I wonder if this is the same thing which happens to sales professionals?
Two sales professionals in the same company.
Two sales professionals working in the same marketplace.
Two sales professionals working side by side.
One is a top producer and the other is barely getting by.
What has happened?
If we use the possibilities of the fig tree, here are some of my thoughts:
(1) Failing to reach maturity. In today's sales climate, I believe EQ is more important than IQ. EQ (or EI) is emotional quotient and the intelligence regarding the emotions, especially in the ability to monitor one's own or others' emotions. Many sales professional remain emotionally immature, with their emotions controlling their life instead of vice versa. Emotionally immature individuals have a hard time managing a large number of clients; it is simply too overwhelming. Their time is spent in the drama of a few deals and they just refuse to grow up.
Or it could be that that their vision and mission for their business has not matured. It still lies buried deep within their heart waiting to be brought forth into the light to bloom and grow.

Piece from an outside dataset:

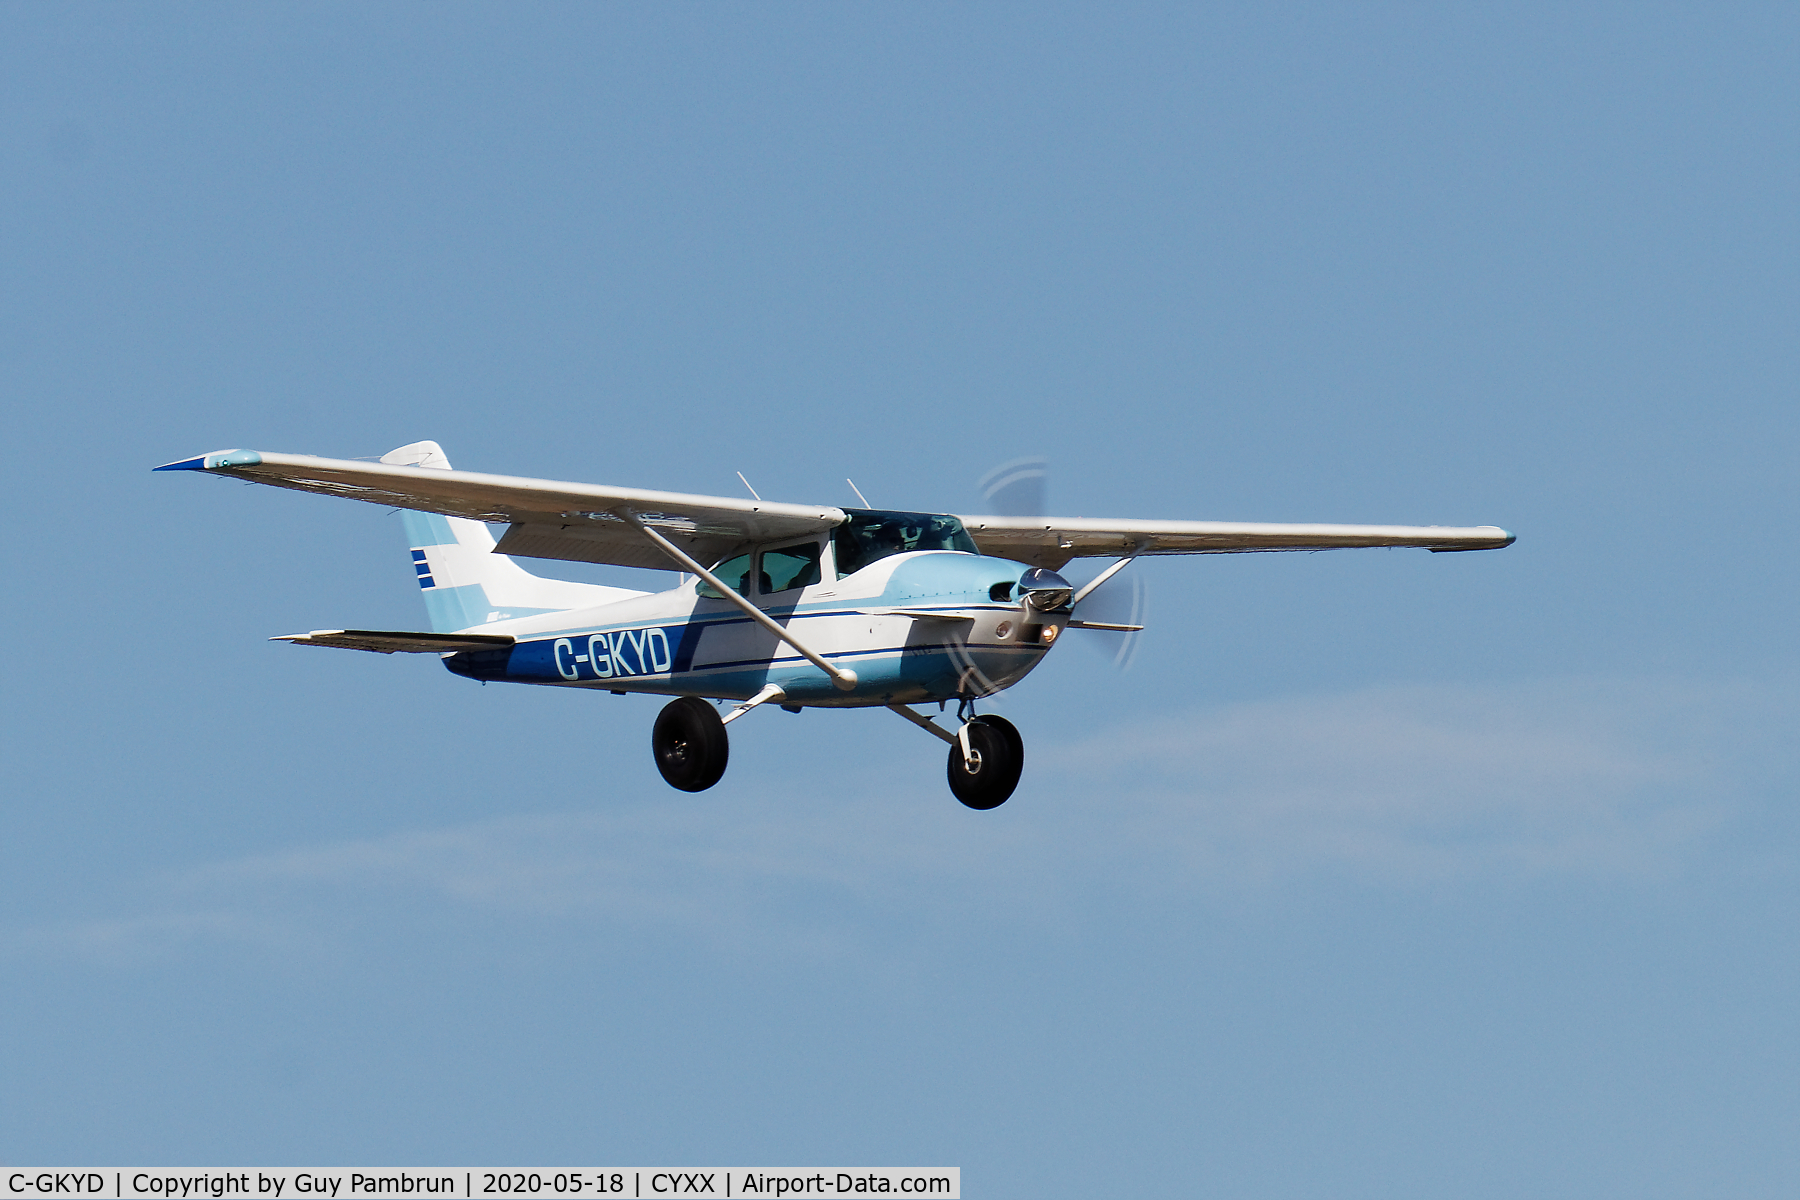 C-GKYD, 1976 Cessna 182P Skylane C/N 18264520, Landing on 19 for pilot briefing and departure to take part in

(2) Fertilizer with too much nitrogen. This can result in lush green leaves and branches - but no fruit. It's all about the show. Some sales professionals have all the tools of the trade and from all appearances they are hugely successful. But there are no closed deals. There is no fruit. In Texas, they have a saying, "All hat, no cattle"
(3) Watering conditions, too much or too little. Without the "watering" of the mind with educational seminars, books, mentors and other learning opportunities, a sales professional can wither and opportunities can die. However, there are many sales professionals who have become professional seminar attendees and book junkies. They are always learning but never implementing and doing. They know all the things they need to do, they just don't do them. There is a balance. Too much or too little cause lack of fruitfulness.
Fig trees and sales professionals. Do you think they might have some things in common?